[Task instructions]:
Set down the whole listing below exactly, without pictures.

[Supplied material]:

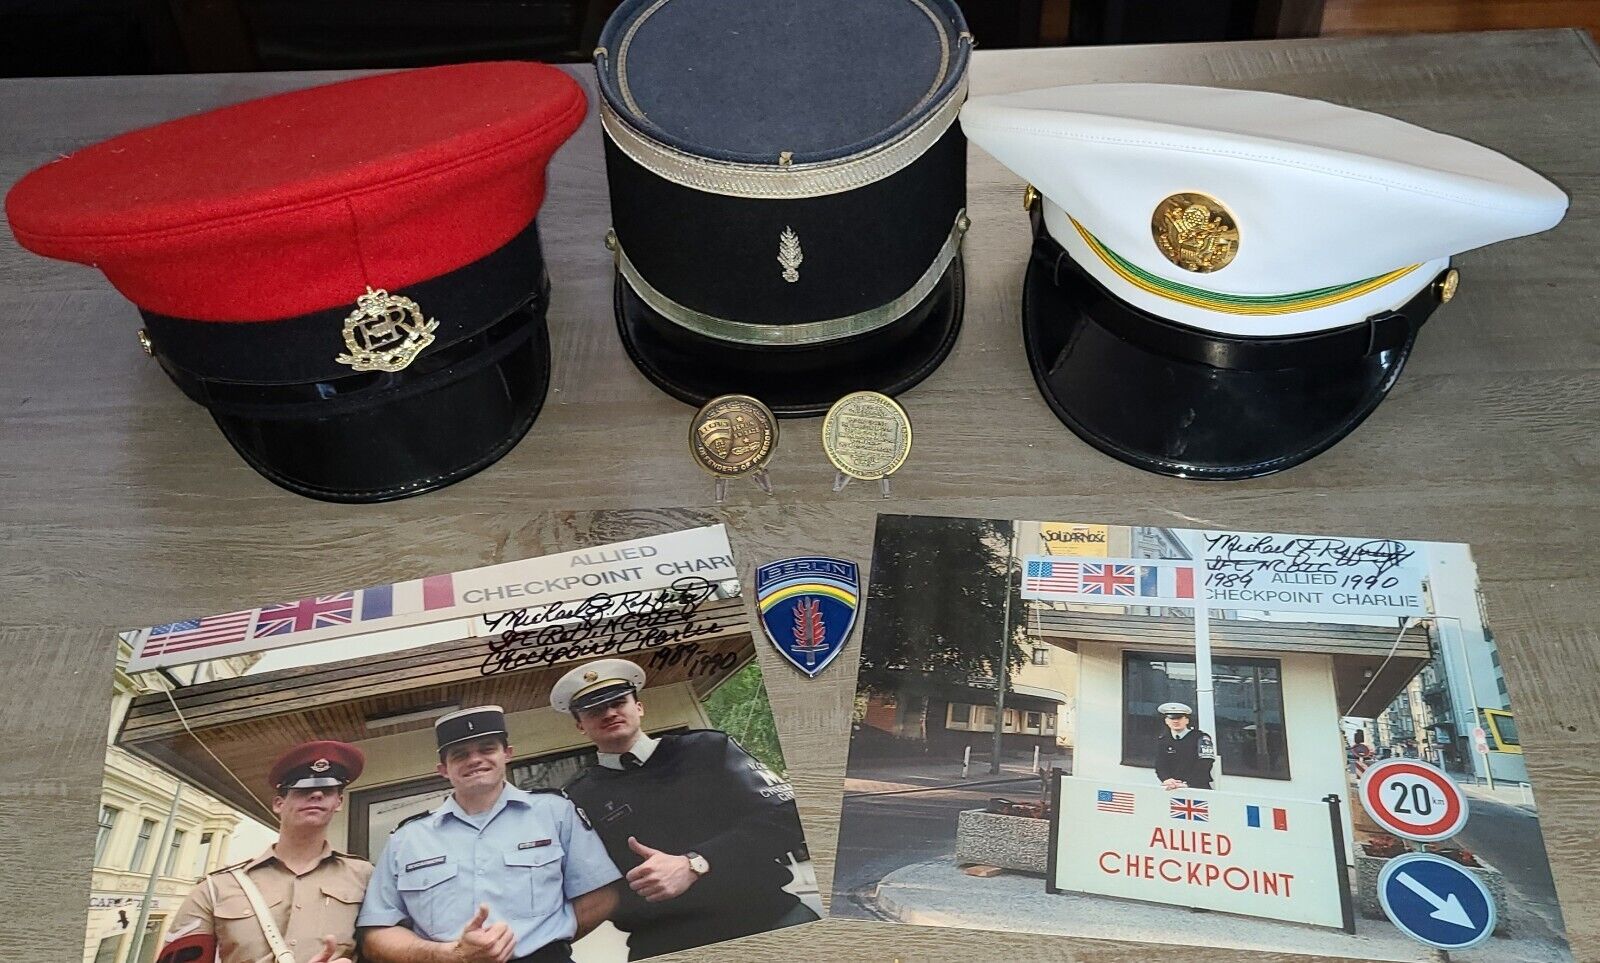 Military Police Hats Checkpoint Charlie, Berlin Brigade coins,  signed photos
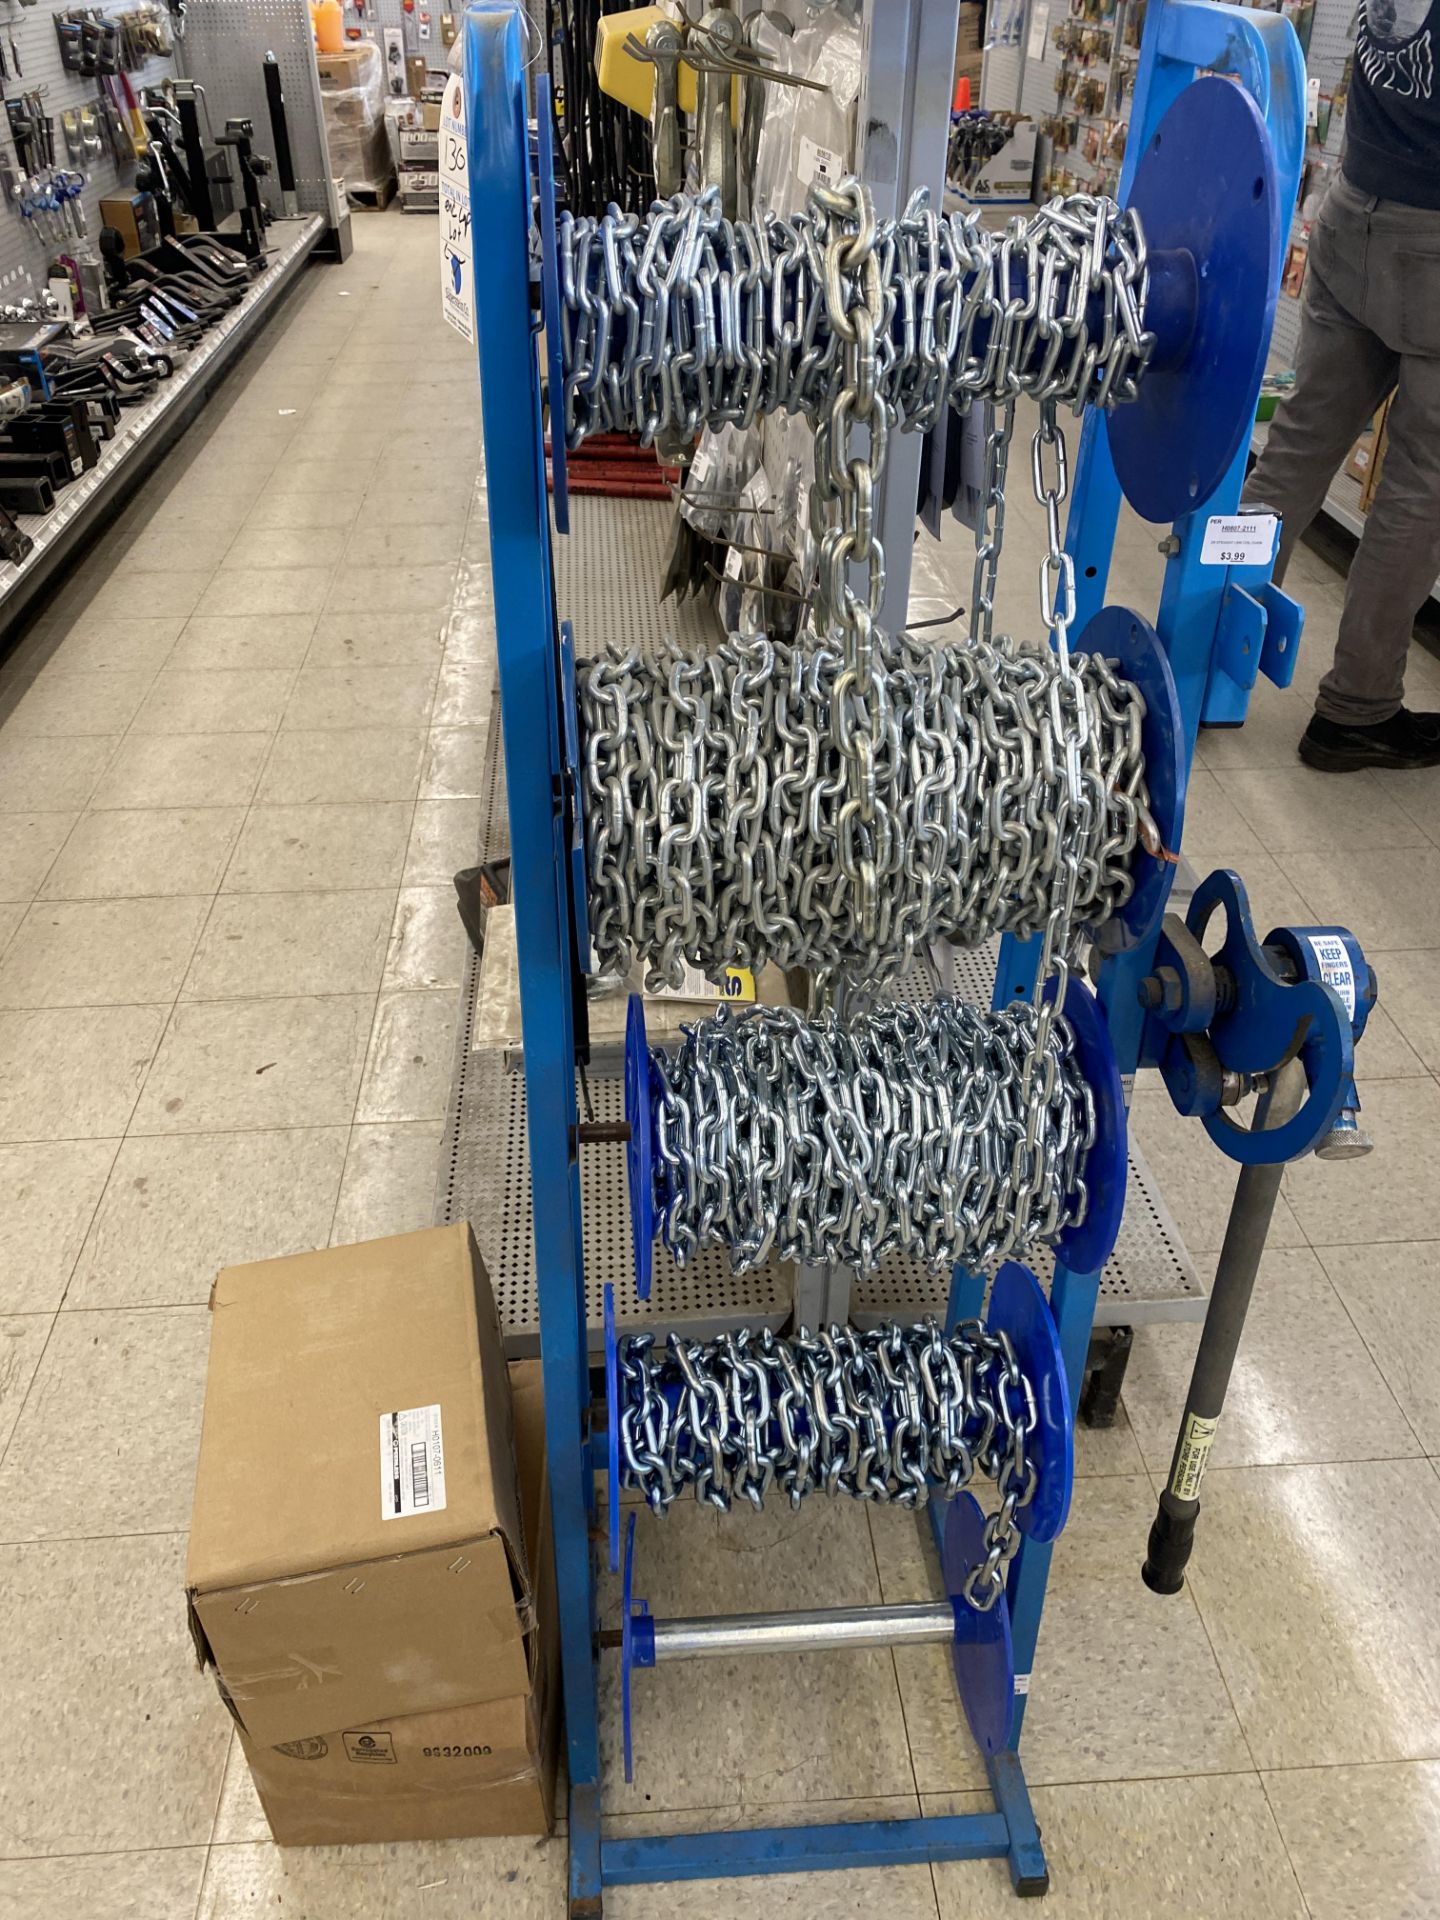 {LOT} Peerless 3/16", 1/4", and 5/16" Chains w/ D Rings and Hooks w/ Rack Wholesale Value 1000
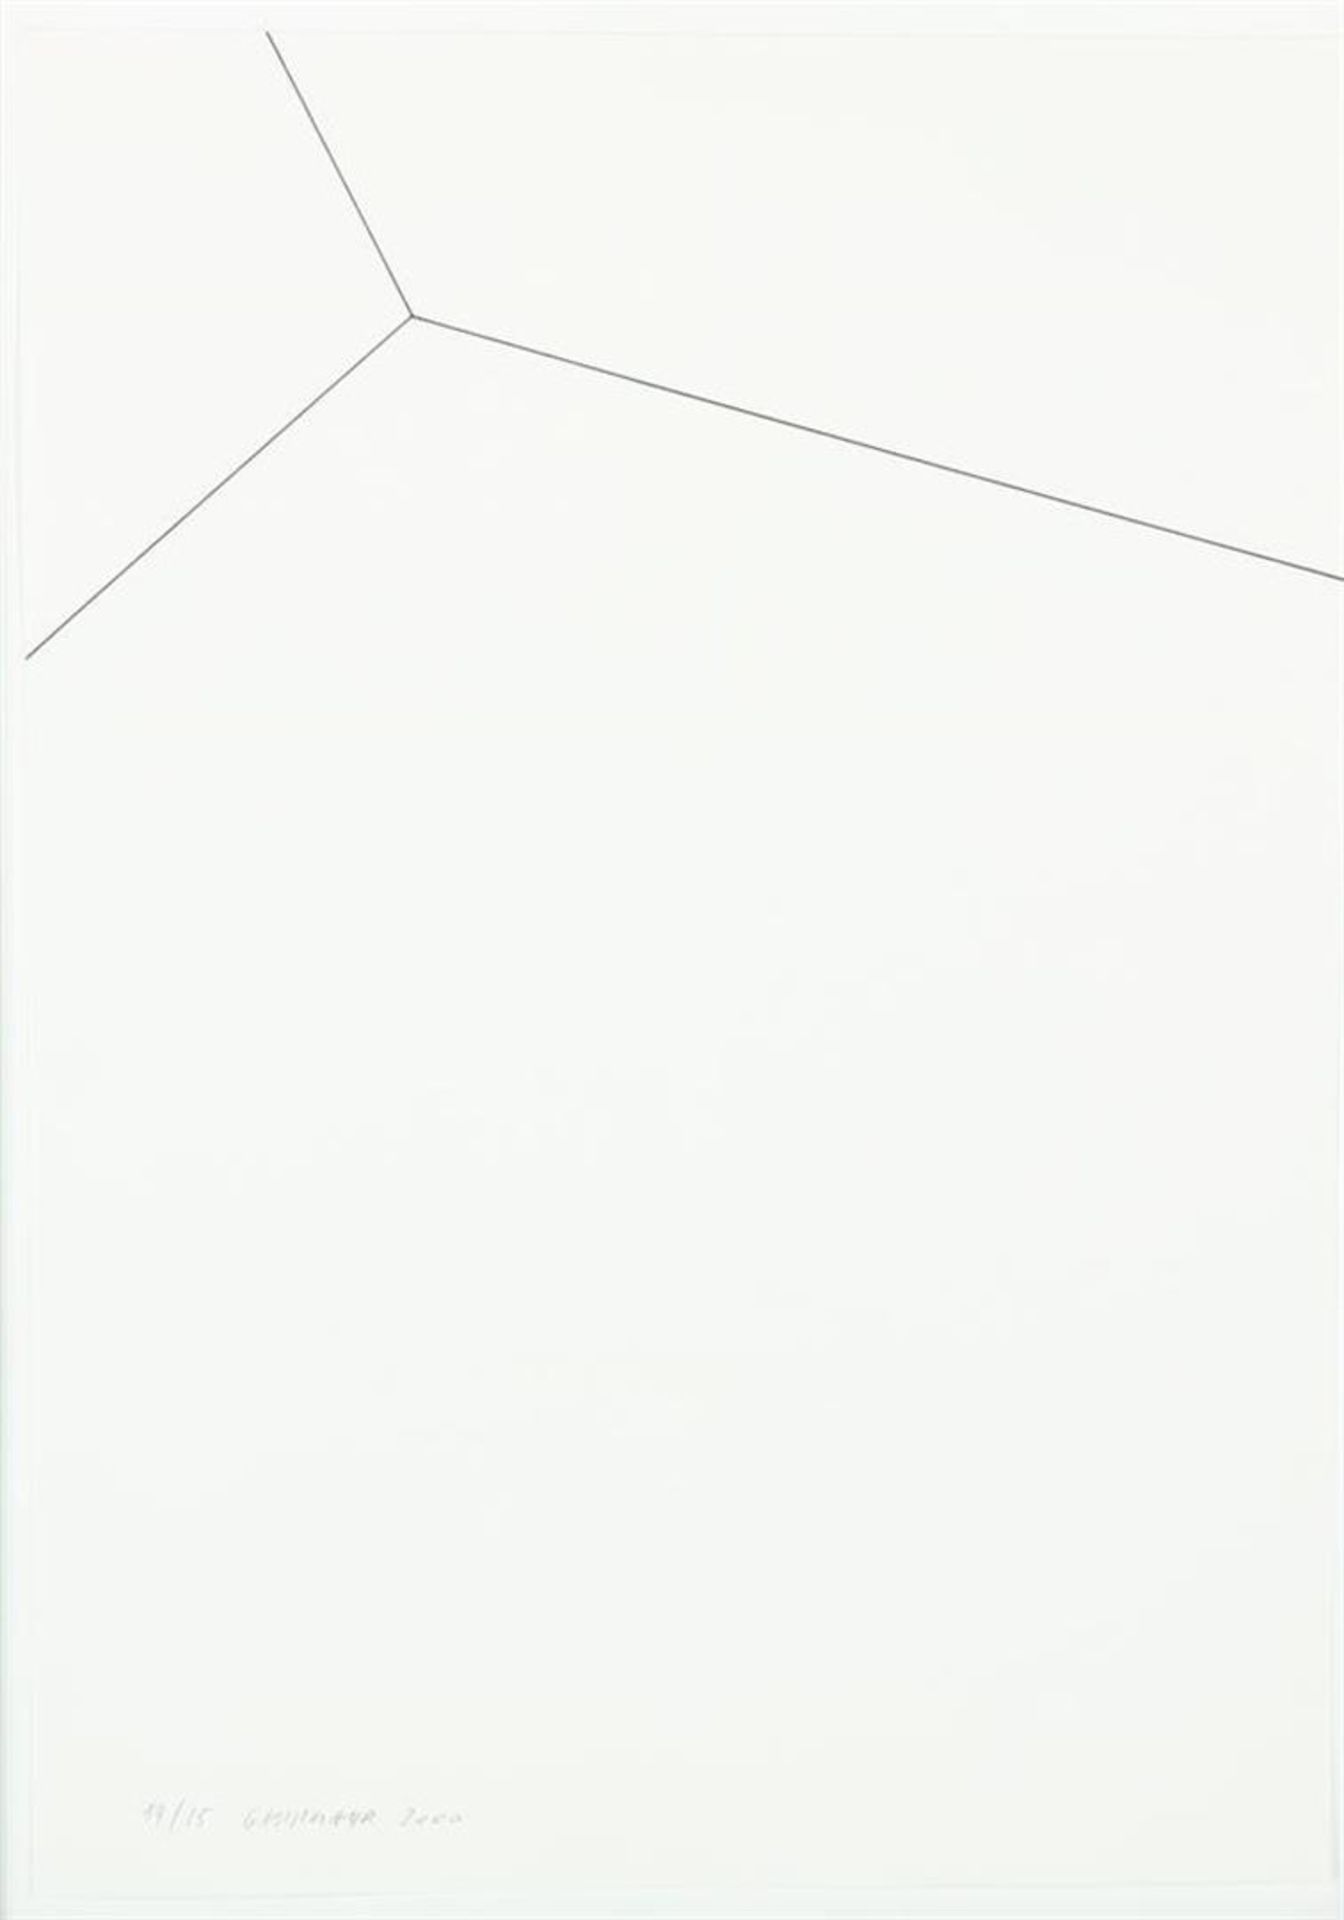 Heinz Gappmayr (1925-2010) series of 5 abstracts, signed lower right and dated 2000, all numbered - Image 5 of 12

[Finished task]:
 Military Police Hats Checkpoint Charlie, Berlin Brigade coins,  signed photos
 {LOT} Peerless 3/16", 1/4", and 5/16" Chains w/ D Rings and Hooks w/ Rack Wholesale Value 1000
 Heinz Gappmayr (1925-2010) series of 5 abstracts, signed lower right and dated 2000, all numbered - Image 5 of 12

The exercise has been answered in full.